Finally, two sessions of the past week showed some convergence between the Nifty and the broader market. On Wednesday and Thursday, the benchmark index declined—the decline were tradeable in nature—and the broader market breadth was also headed south.
Otherwise, the Nifty had been outperforming the broader market for the past few months largely driven by a handful of stocks. To understand what is happening to the market, remove four stocks from the Nifty—HDFC Bank, HDFC, RIL and HUL. Had these stocks seen the kind of decline other stocks were having, the Nifty would have been struggling below the 10,000-mark by now. In a way, Nifty traders are living in a different market compared to the rest of the investors and traders grappling with a falling market. But the Nifty traders have to remember that if the broader market remains weak for long, eventually even large-caps are going to come under pressure.
Last week saw an unusual upward movement in the mid-cap space. But remember that such excesses happen not just in upward direction, but in southward direction as well. Perhaps, the market has not yet reached a stage where we can say excesses are being committed in the southward direction. So, do not compare the recent highs and jump into buying stocks that look cheap.
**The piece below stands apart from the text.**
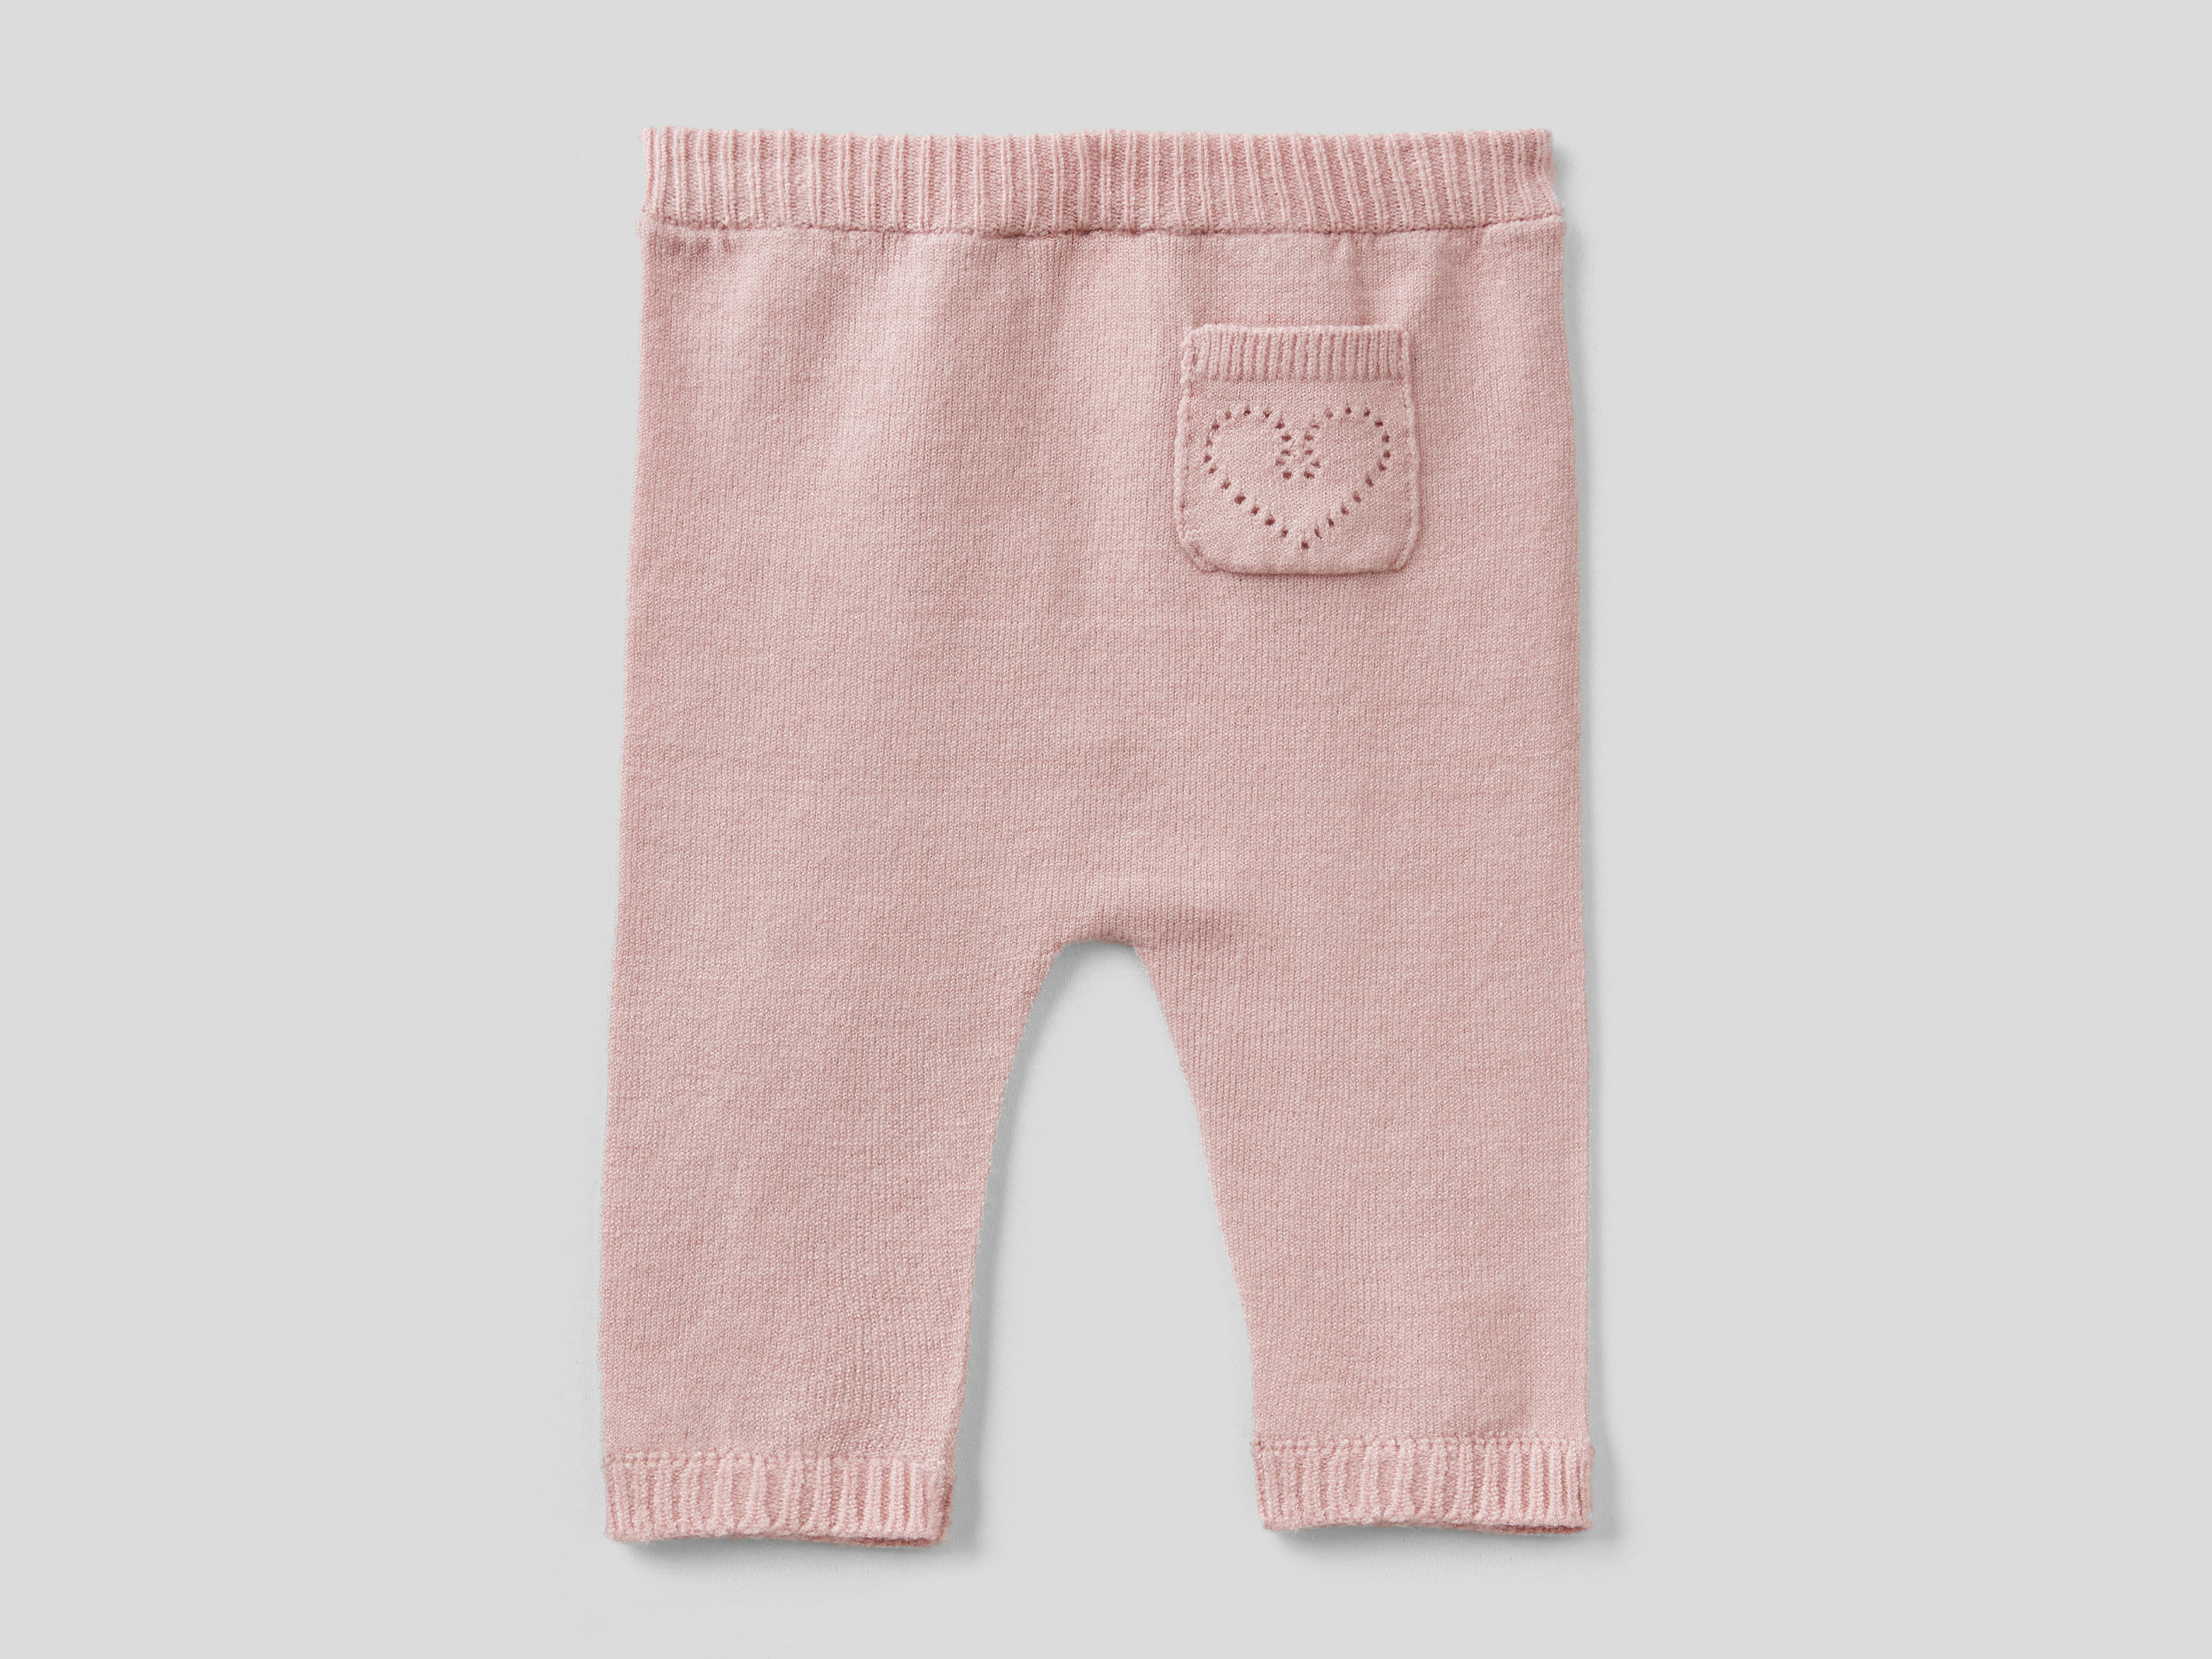 Benetton, Sweatpants With Pocket, Taglia 0-1, Pink, Kids

As for news flow, it was another week of news creating more confusion than impact in the market. The trade war—or posturing—between the United States and China created tremors in the financial markets. Unlike in the last few years, when what the Federal Reserve said and did were taken in stride by the currency markets, this time, the currency markets have got involved in the trade war as emerging markets currencies declined across the board. The latest round saw the Chinese currency slipping, thereby, accelerating the emerging market currency retreat. The rupee, on an intra-day basis, touched an all-time low against dollar. The relationship between the rupee and the stock market is quite direct. Money from hedge funds, for whom currency movements are extremely important, may not come into the market till the dollar index gets stabilised. Probably, the first indications that the market is ready for another round of upward movement would come from the currency markets this time.
So, have one eye on the rupee and another on the US treasury yields, as the yields have started to flatten. If they flatten more, we might have some respite.
Most short-term oscillator charts are in the sell mode but have not yet broken the support levels, which would have indicated further trouble for the bulls. The moving average convergence/divergence (MACD) on the daily charts is in the sell mode and is placed on the equilibrium line. In the recent past, this oscillator had taken support on this line and moved up again. The pattern could be repeated this time as well.
The 12-day rate of change (ROC), which has slipped into negative territory, has once again turned upward and is showing similar patterns as in mid-May when the Nifty had witnessed a trend reversal—a rally which lasted through the second week of June. So, if one goes by the short-term indicators, there is hope that this round of upward movement, which has begun on Friday, has more strength in it. But as that up-move was made on the first day of the start of a new series, and short covering had a role in it, this up-move probably needs more confirmation. This confirmation will come if both the market breadth and the Nifty stay in positive territory in the first two trading sessions.
Coming to short-term support and resistance levels, the first resistance to the Nifty would come at 10,820, from the trend line which can be drawn from the index’s all-time high in January. If the Nifty makes an attempt to break this trend it would be the third bid in the last two months. After this another resistance awaits the index at 10,930. If it clears this level, then probably another round of short squeeze might happen.
The Nifty would get the first support at last Thursday’s low of 10,560, and if that is broken with strong volumes, the index would move towards the sub-10,400 level as that would bring momentum to the southward direction.
Since there are a good number of short positions in the market at this time, any positive development on the macro front, like a decline in oil prices, could act as a trigger for an up-move in the Nifty. But will that spill over to mid- and small-cap segments on a sustained basis is the question?